What are the possible outcomes in the Prop 8 case?
“The second premise is that the Court will wish to proceed incrementally — that it will not, in one Term, strike down DOMA and flip the 41 states that do not currently recognize same-sex marriage. Here, too, I agree… It might seem to follow from these two premises that the Court will split the baby between the cases. But the error lies in thinking that the Perry Court must require marriage in all 50 states or none. In fact, the Court can more narrowly invalidate Prop 8 in at least three ways.”
Yoshino described the first way as the “procedural one-state solution,” in which the high court simply finds that the Proponents of Prop 8, who brought the 2008 referendum and are the only ones defending it, do not have standing to do so. Would that restore marriage equality in California?

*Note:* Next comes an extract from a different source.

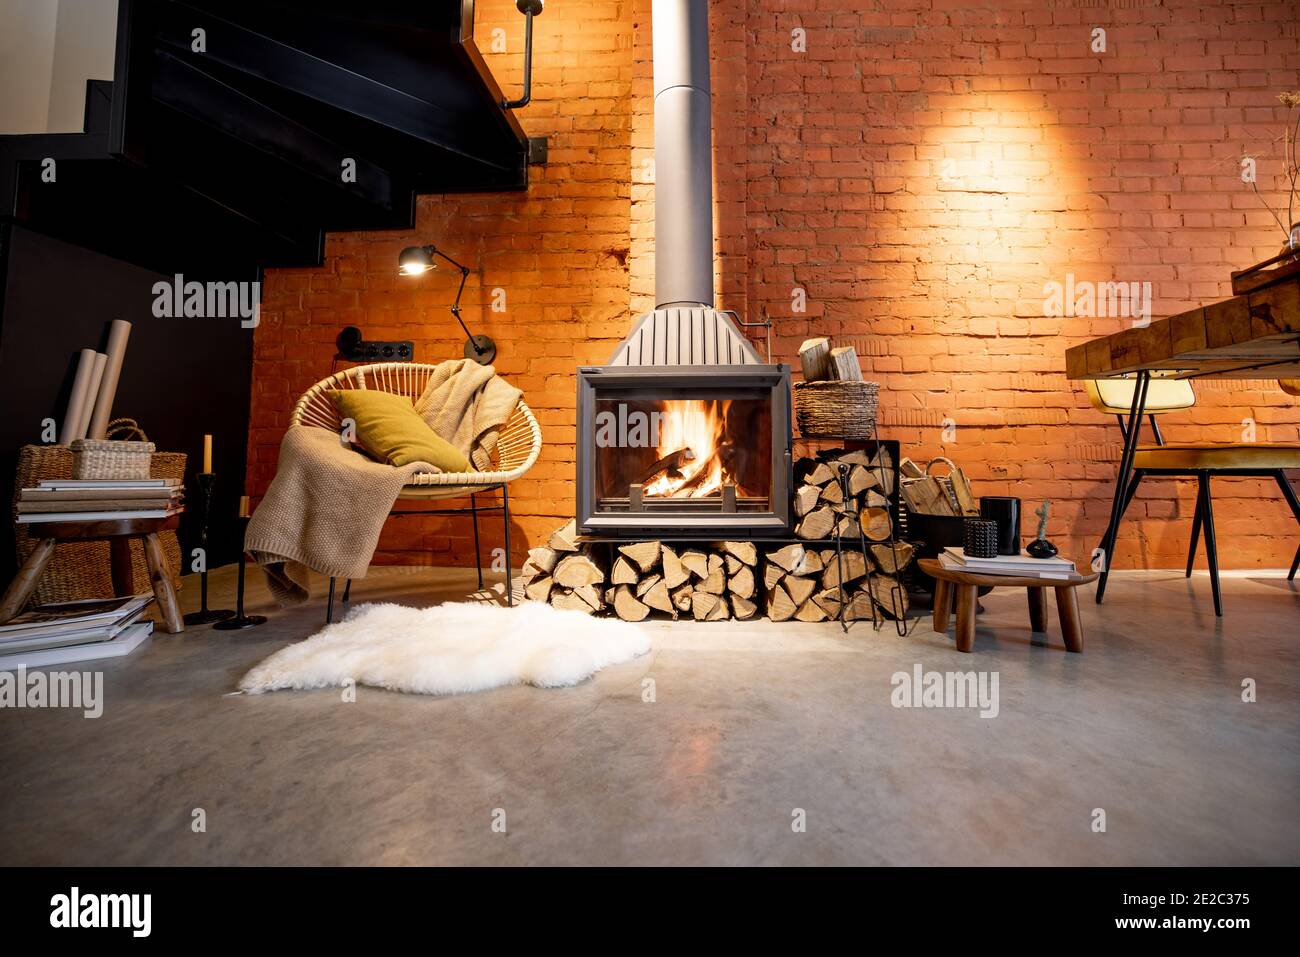 Cheminée confortable avec bois de chauffage dans la maison de style loft  avec arrière-plan de mur de briques, feu de cheminée dans la cheminée,  agrément de la maison en hiver Photo Stock -
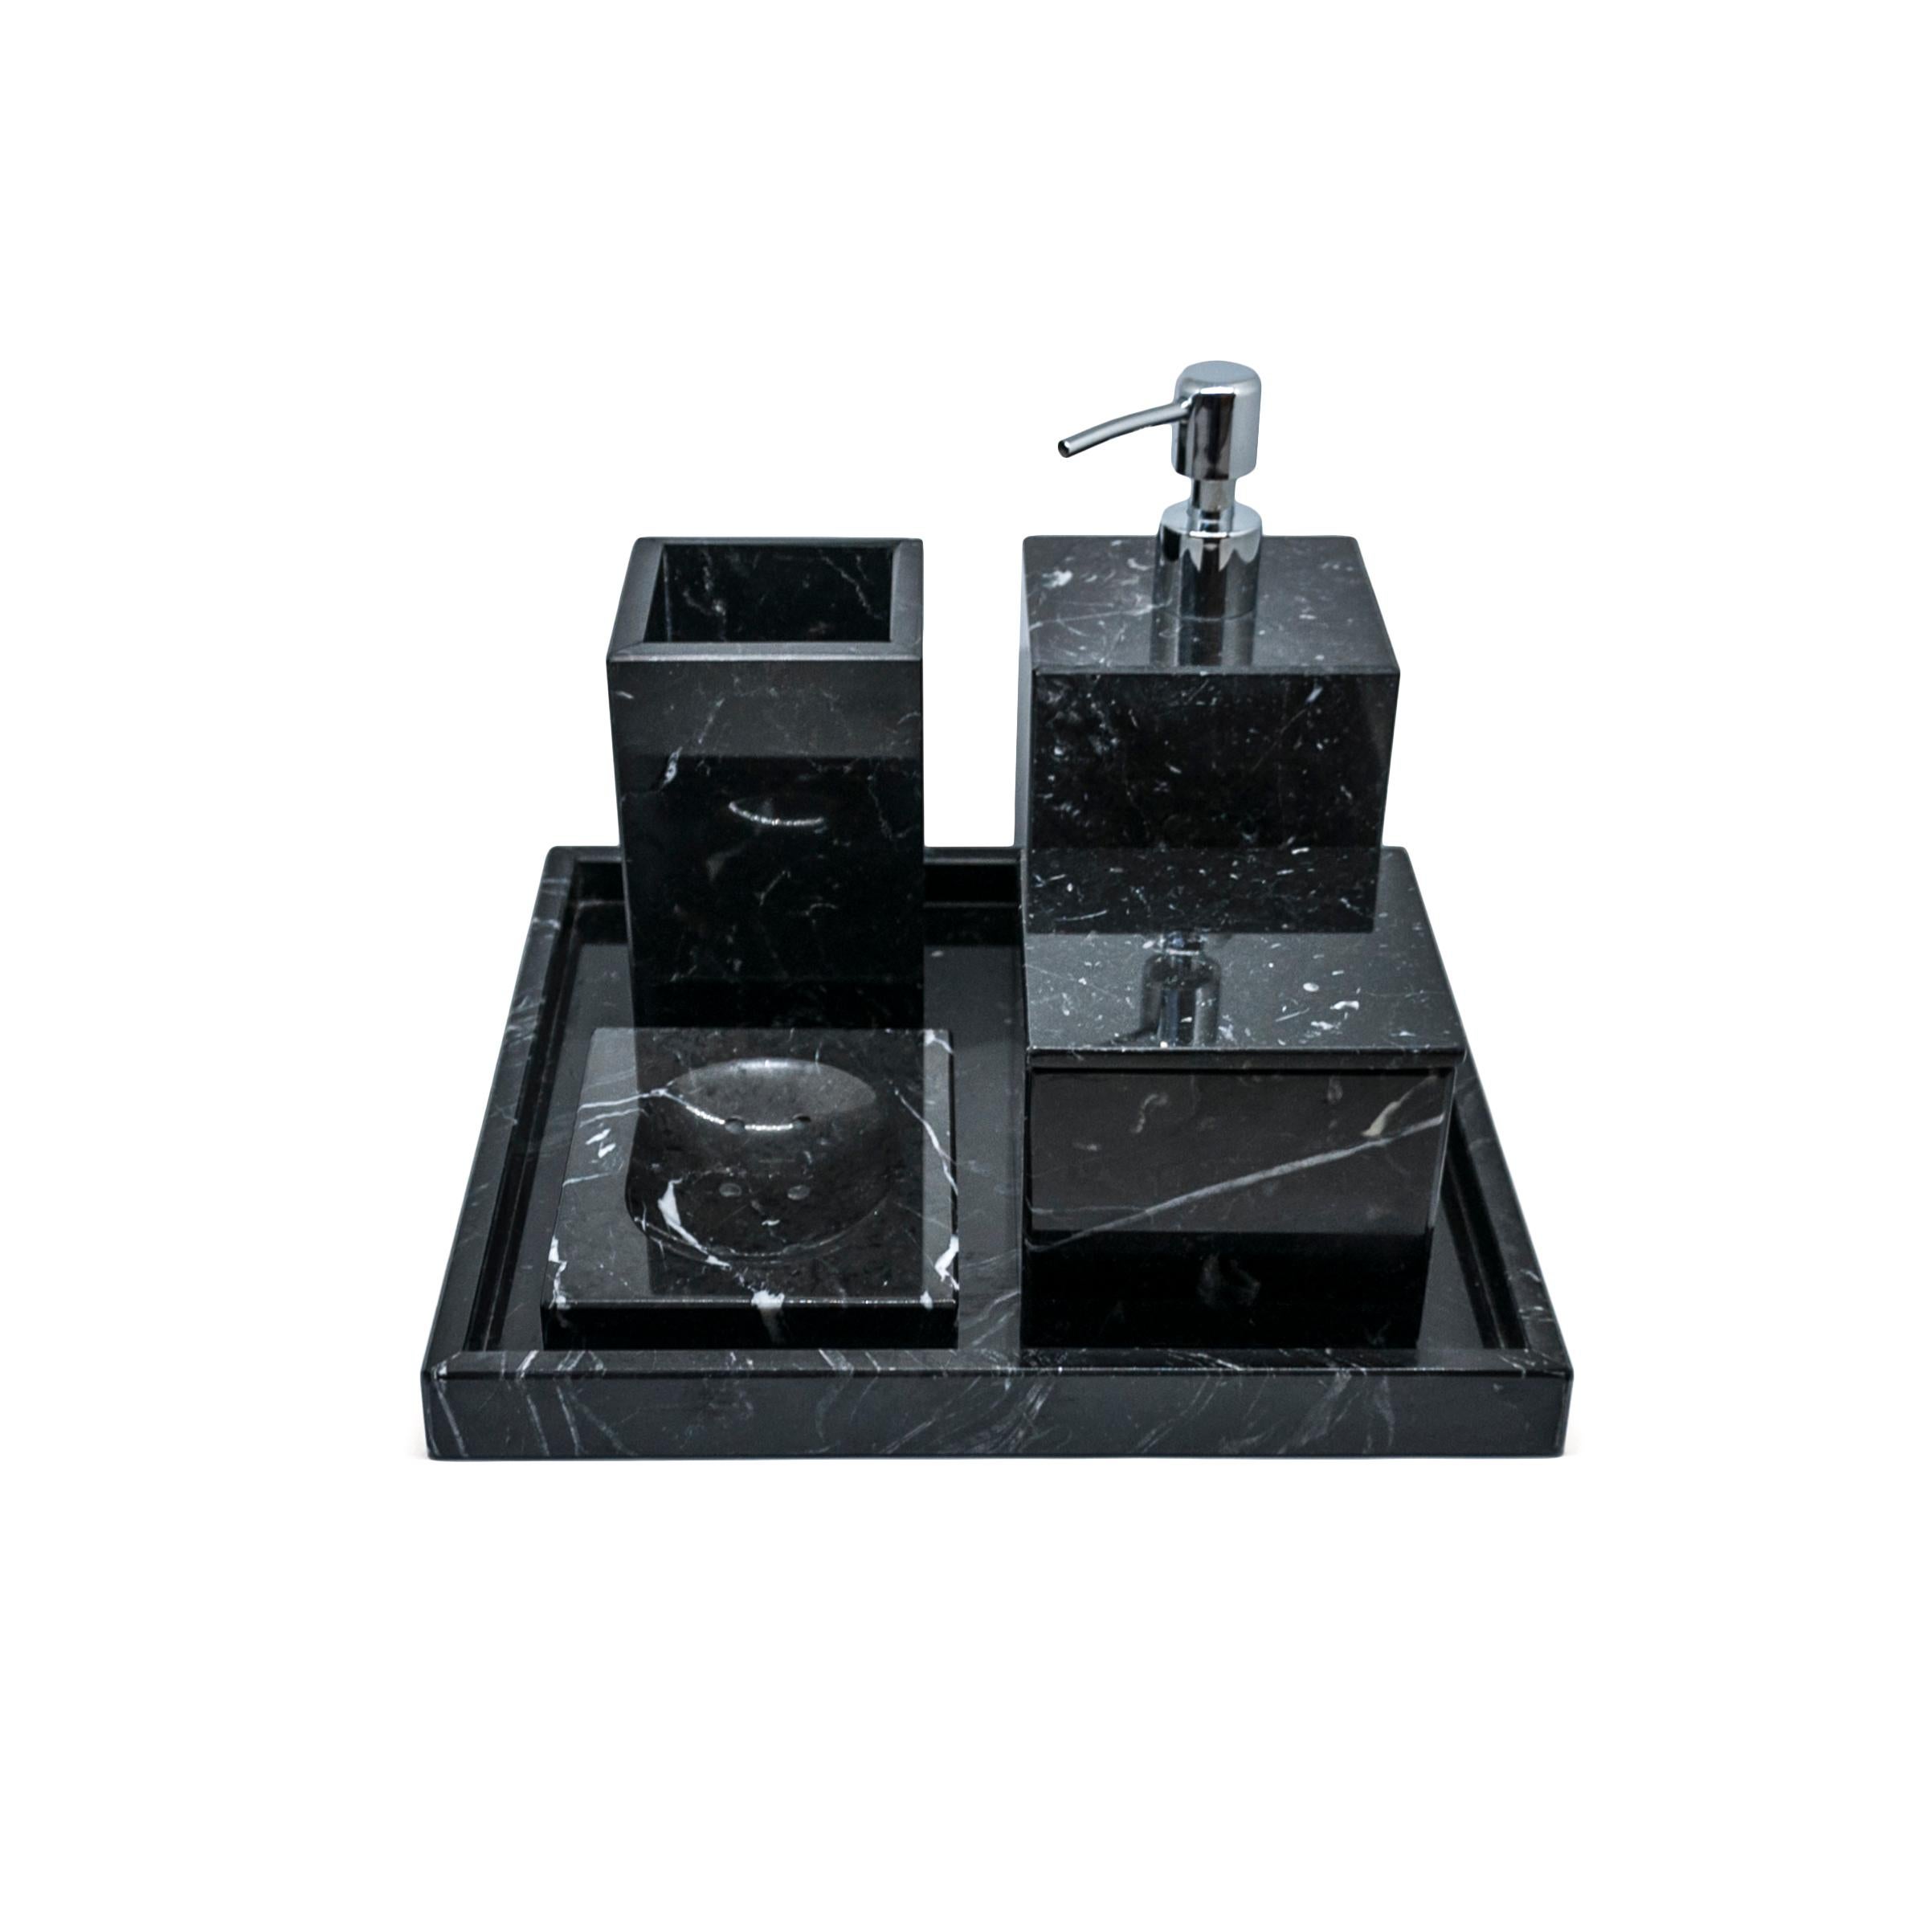 Ein komplettes quadratisches Set für das Badezimmer aus schwarzem Marquina-Marmor, bestehend aus: einem Seifenspender (9 x 9 x 19 cm), einer Seifenschale (10 x 13 x 2 cm), einem Zahnbürstenhalter (8,5 x 8,5 x 12 cm), einem Dosenhalter mit Deckel

“As the Ninth Circuit indicated during oral argument, the impact of a ruling based on standing would be limited to requiring the clerks of Alameda County and Los Angeles County — the only county clerks named in the complaint — to issue marriage licenses to same-sex couples. Plaintiffs’ attorney David Boies predicted that the Governor would then require other counties in California to operate in a manner that would ensure statewide consistency. He further averred that if the Governor refused to do so, the plaintiffs would sue to secure such uniformity.”
Yoshino wrote that the court could also reach a “substantive one-state solution”:
“The Court could also adopt a substantive one-state solution, which was the rule adopted by the Ninth Circuit panel. The Ninth Circuit held that under the Equal Protection Clause, a state could not grant an entitlement and then take it away without a legitimate reason.”
He noted that the Ninth Circuit’s ruling relied on the 1996 Supreme Court decision that struck down Colorado’s Amendment 2, a voter initiative that barred gay rights protections in the state, finding it was based only in “animus” against gay and lesbian people. Yoshino also acknowledged that an important part of that ruling was based on gays and lesbians being denied “protections across the board,” so he addressed the distinction between Colorado’s sweeping measure and a ban solely on marriage rights:
“The [Ninth Circuit] panel acknowledged this distinction, saying that animus could be present even (or perhaps especially) when a state enacted legislation with “surgical precision.”… Romer [the Colorado case] is but one member of a family of cases in which the Court has invalidated laws that lacked a rational basis… The best reading of these precedents is that the problem with legislation based solely on animus is the animus, not the breadth of the legislation.”
Finally, Yoshino indentified a third potential narrow finding, which he calls the “substantive eight-state solution”:
“[This] would focus on the lack of justification for giving same-sex couples all the rights and responsibilities of marriage but withholding the word ‘marriage’ from them. This resolution differs from the Ninth Circuit panel’s ruling because it removes any issue of retrogression from the analysis. What is important is not that California went all the way to same-sex marriage and then retreated, but rather that California went all the way to ‘everything but marriage.’ Once it did so, it reached the point of no return. Currently, seven states besides California would be affected by such a ruling: Delaware, Hawaii, Illinois, Nevada, New Jersey, Oregon, and Rhode Island.”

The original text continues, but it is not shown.